Mario Gómez

Personal information
- Full name: Mario Arnaldo Gómez Castellanos
- Date of birth: 12 August 1981 (age 44)
- Place of birth: Tela, Honduras
- Position: Midfielder

Youth career
- 2000–2001: NJCU Gothic Knights

Senior career*
- Years: Team / Apps / (Gls)
- 2002: New Jersey Stallions / 16 / (3)
- 2002–2007: Vida
- 2007–2009: Victoria / 52 / (2)
- 2009–2010: Motagua / 11 / (0)

International career
- 2005–2006: Honduras / 2 / (0)

Medal record
Representing Motagua
| Silver medal – second place | Liga Nacional | 2009–10 C |

= Mario Gómez (footballer, born August 1981) =

Honduran footballer

Mario Arnaldo Gómez Castellanos (born 12 August 1981) is a Honduran footballer.

==Club career==
Gómez played for New Jersey Stallions, Vida and Victoria, before joining F.C. Motagua in summer 2009.

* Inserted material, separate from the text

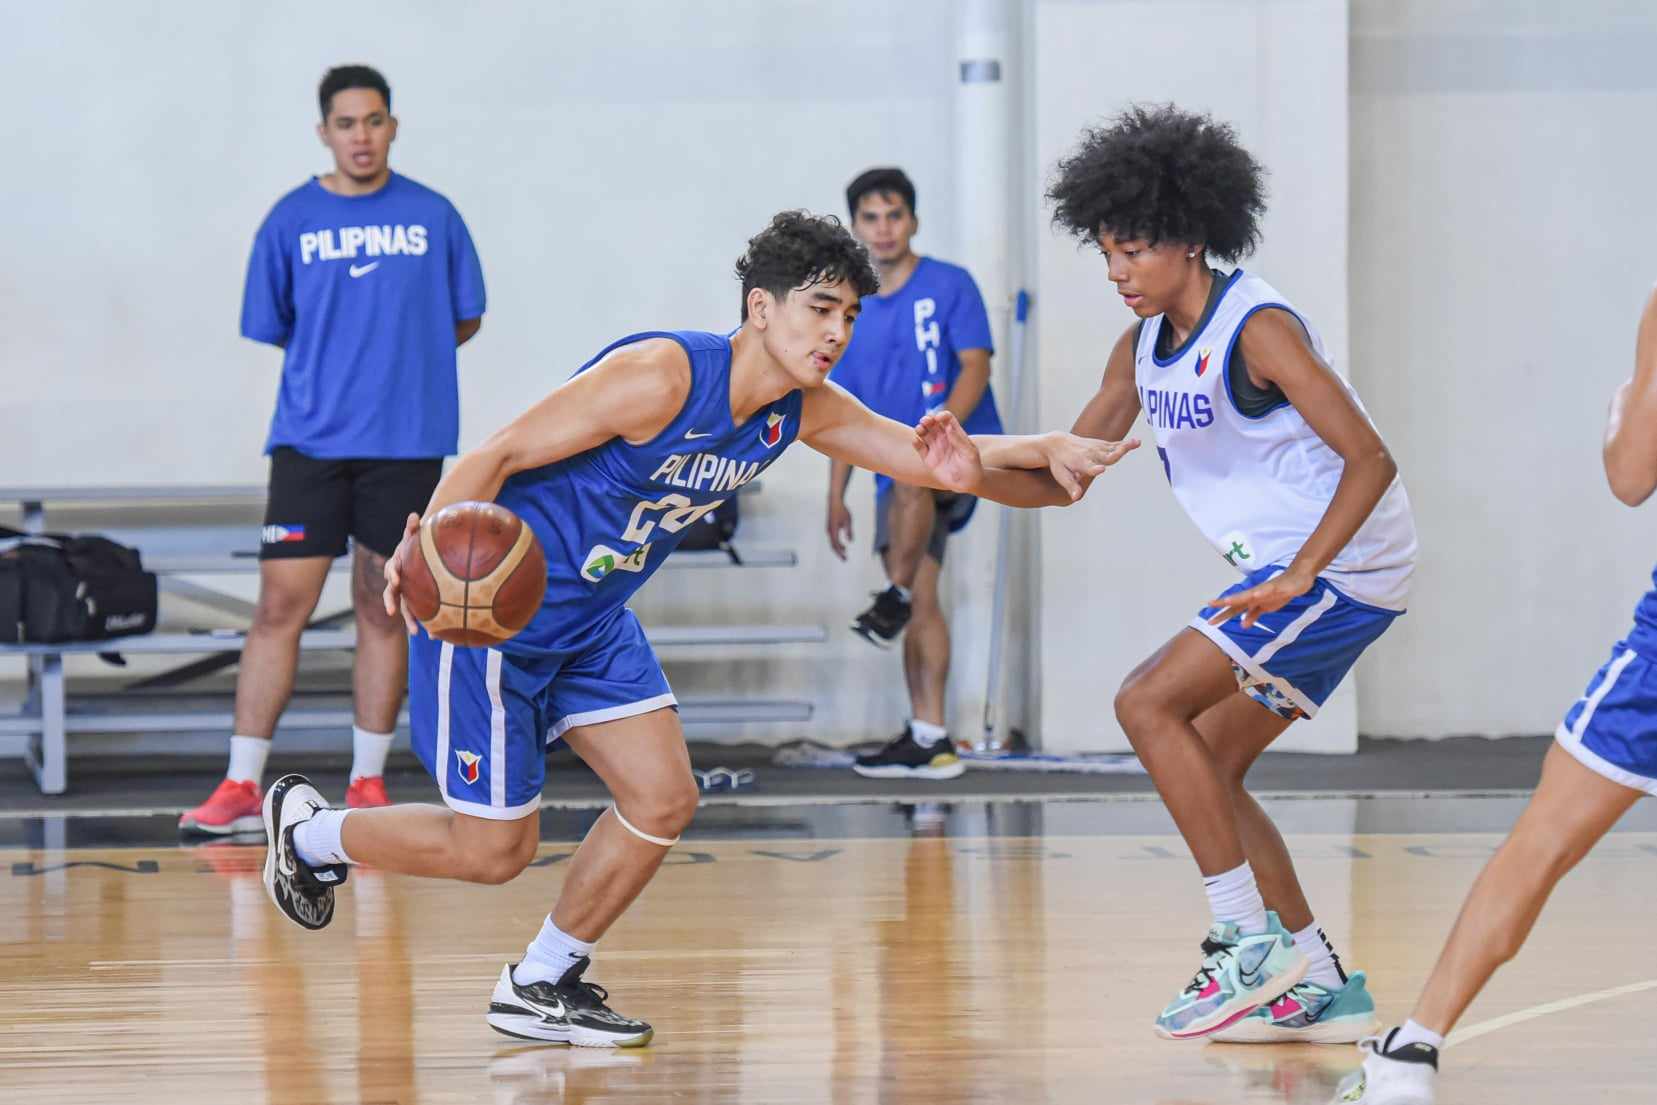 Gilas-Youth-Kieffer-Alas From being Louie's understudy to coaching Kieffer: Allen Ricardo comes full circle Basketball Gilas Pilipinas News  - philippine sports news

He most recently played for Vida in the Honduran football league. He won a sub-championship with F.C. Motagua but could not stay more than a year due to inconsistency and lack of appearances.

==International career==
Gómez made his debut for Honduras in a March 2005 friendly match against the United States, coming on as a second-half substitute for Carlos Morán. His second and final international match was a February 2006 friendly against China.